* WORK ITEM
Drop the pictures, then extract the listing word for word.

* INFORMATION PROVIDED
============================================================
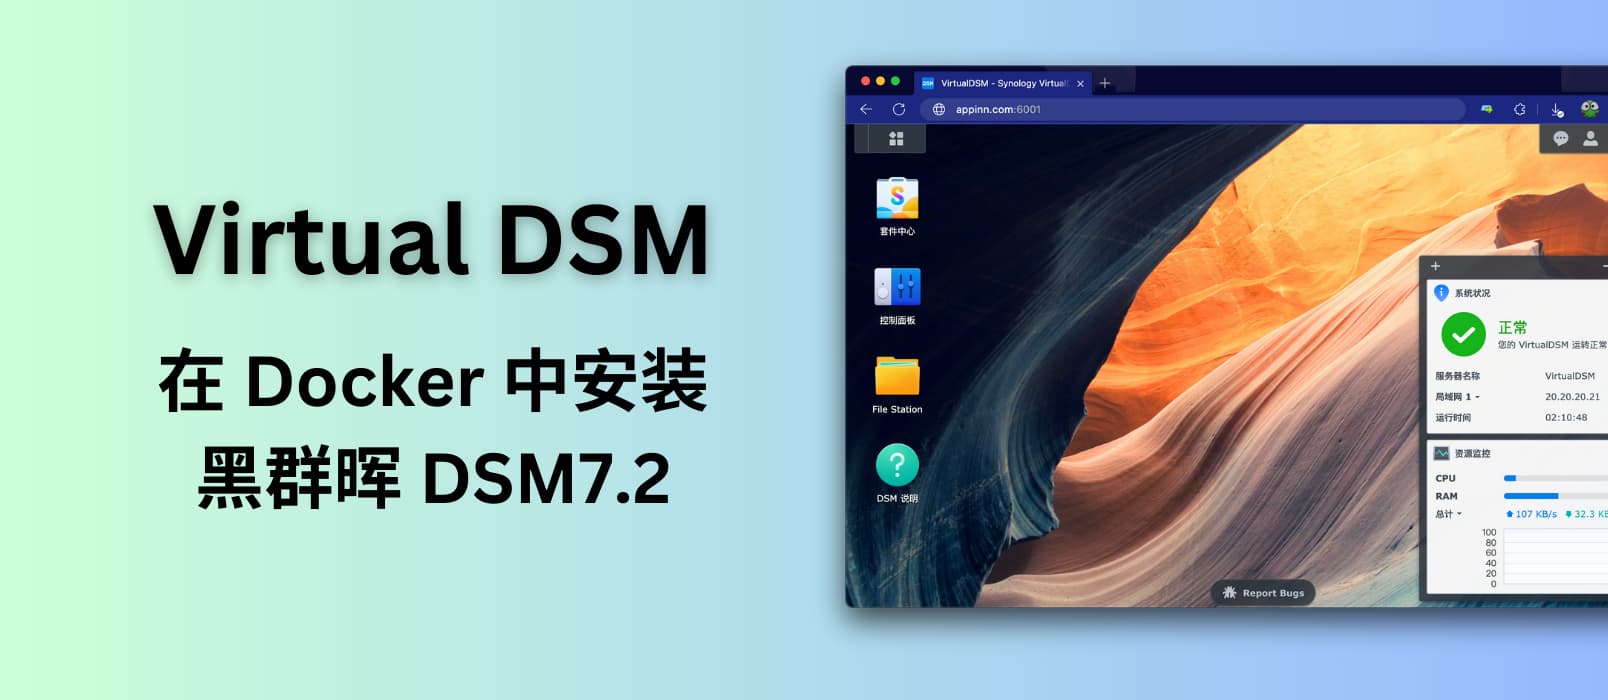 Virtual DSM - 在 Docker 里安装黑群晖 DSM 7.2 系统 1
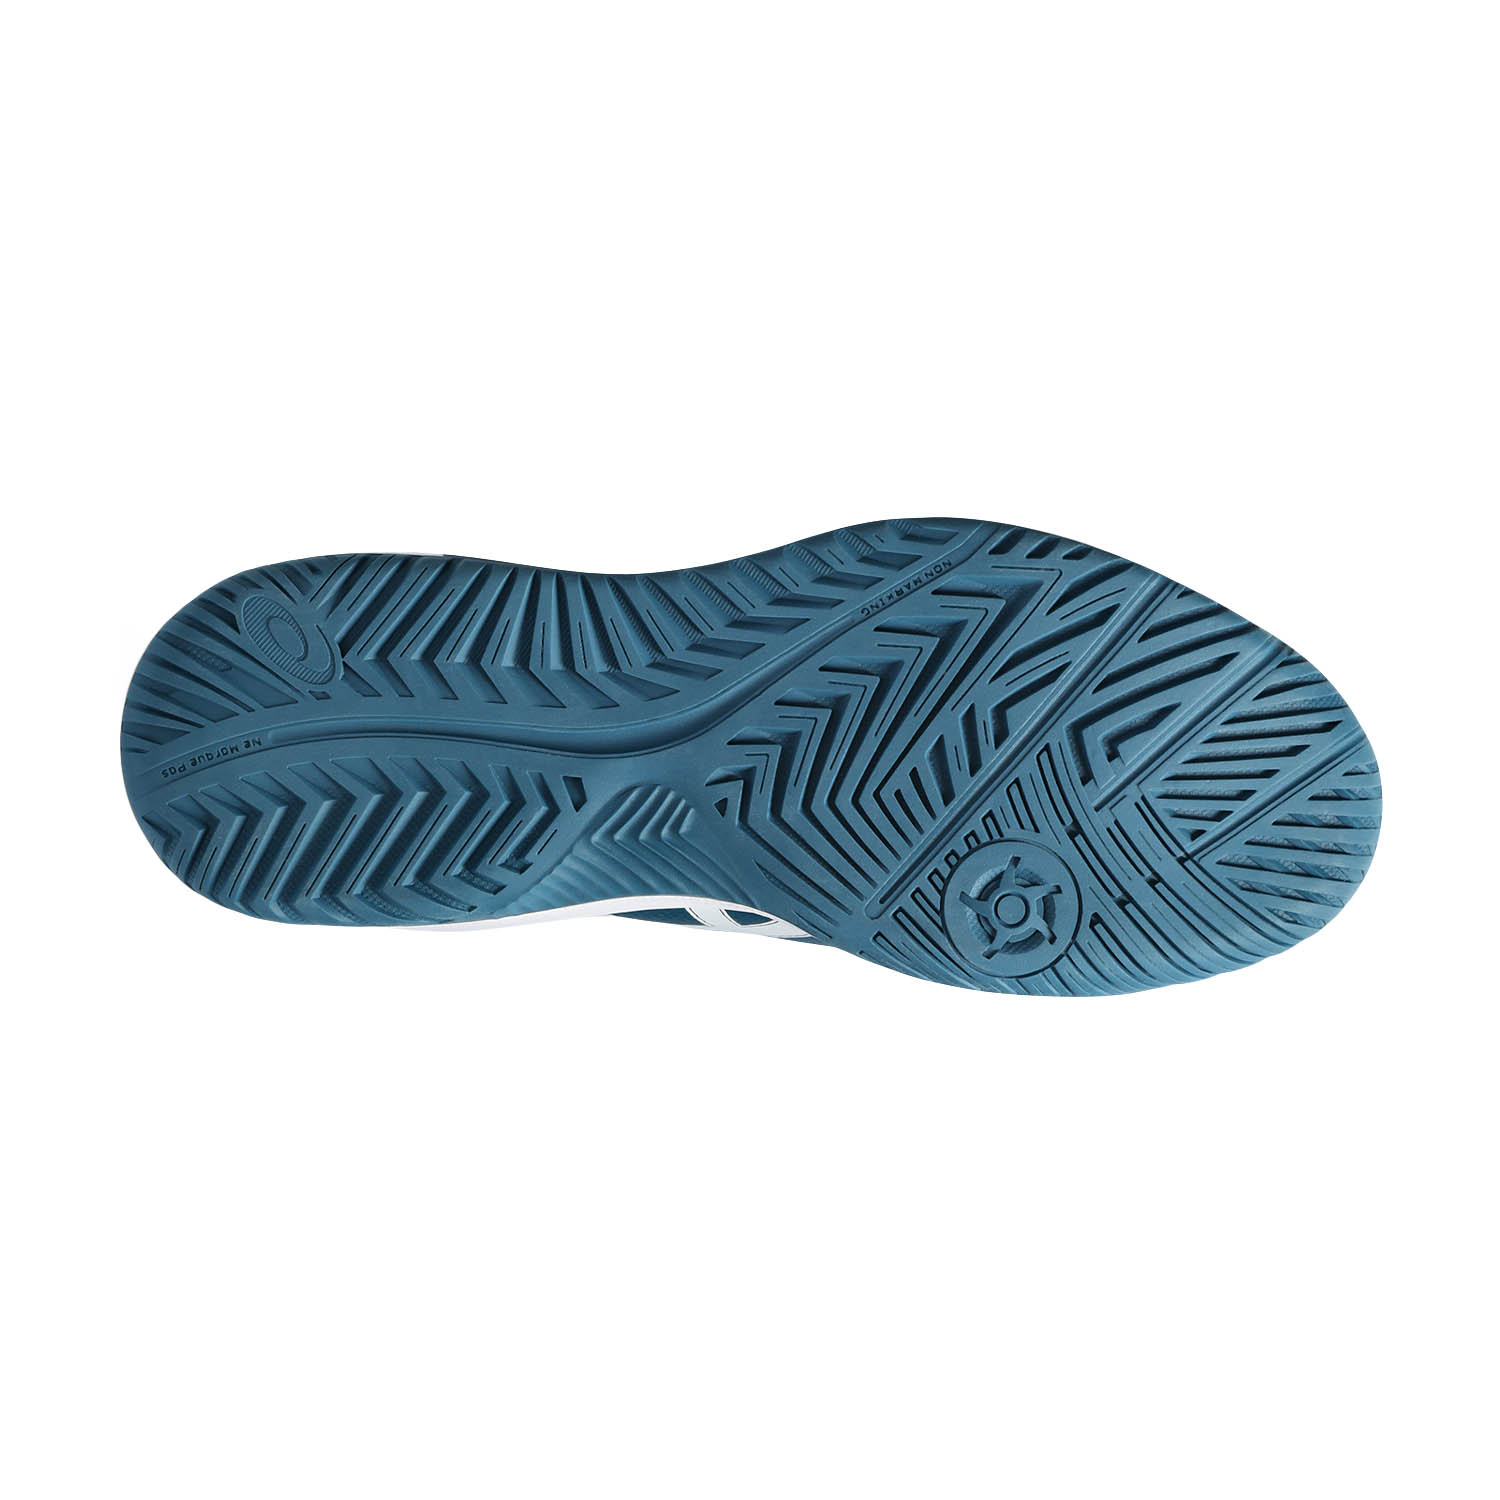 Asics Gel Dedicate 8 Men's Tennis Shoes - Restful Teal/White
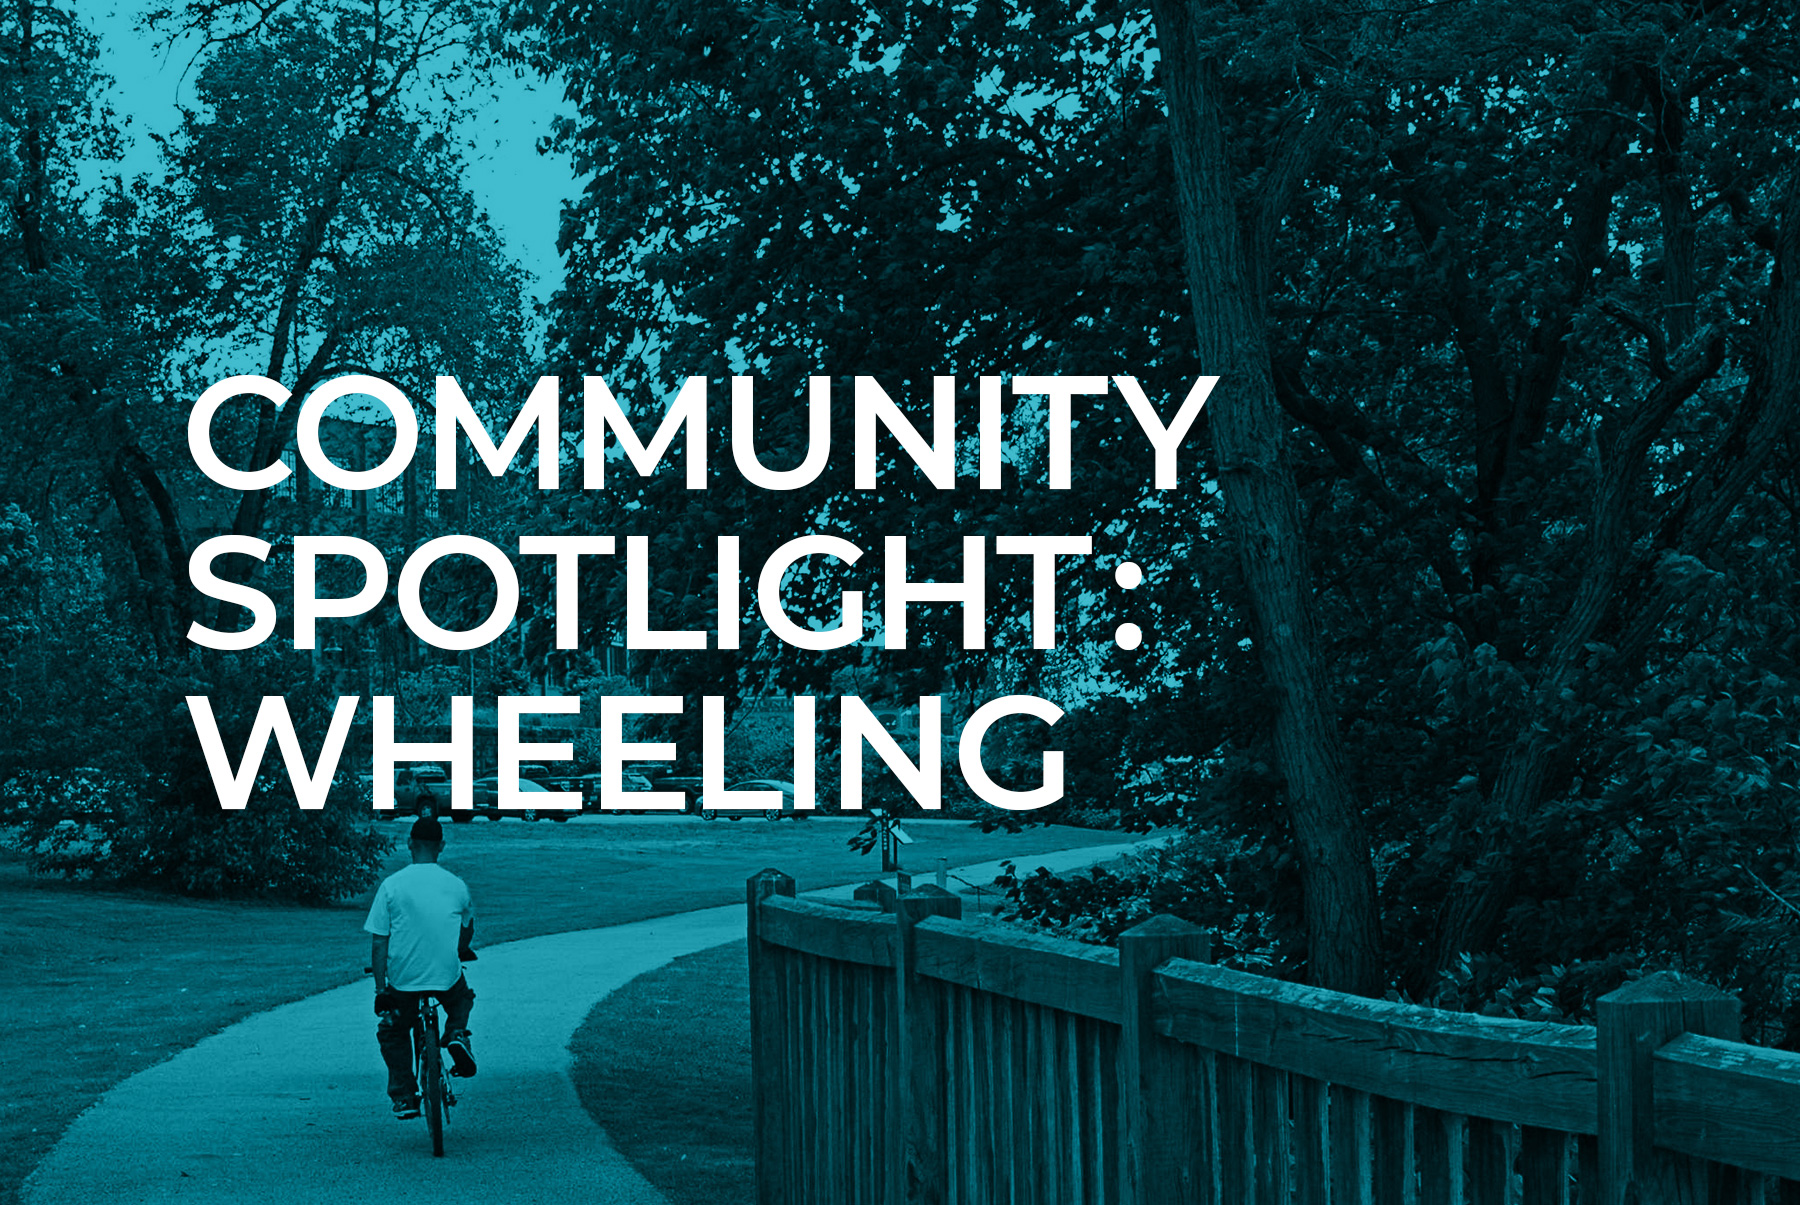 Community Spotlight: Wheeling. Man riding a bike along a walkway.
============================================================
* THE ANSWER
 Virtual DSM - 在 Docker 里安装黑群晖 DSM 7.2 系统 1
 Asics Gel Dedicate 8 Men's Tennis Shoes - Restful Teal/White
 Community Spotlight: Wheeling. Man riding a bike along a walkway.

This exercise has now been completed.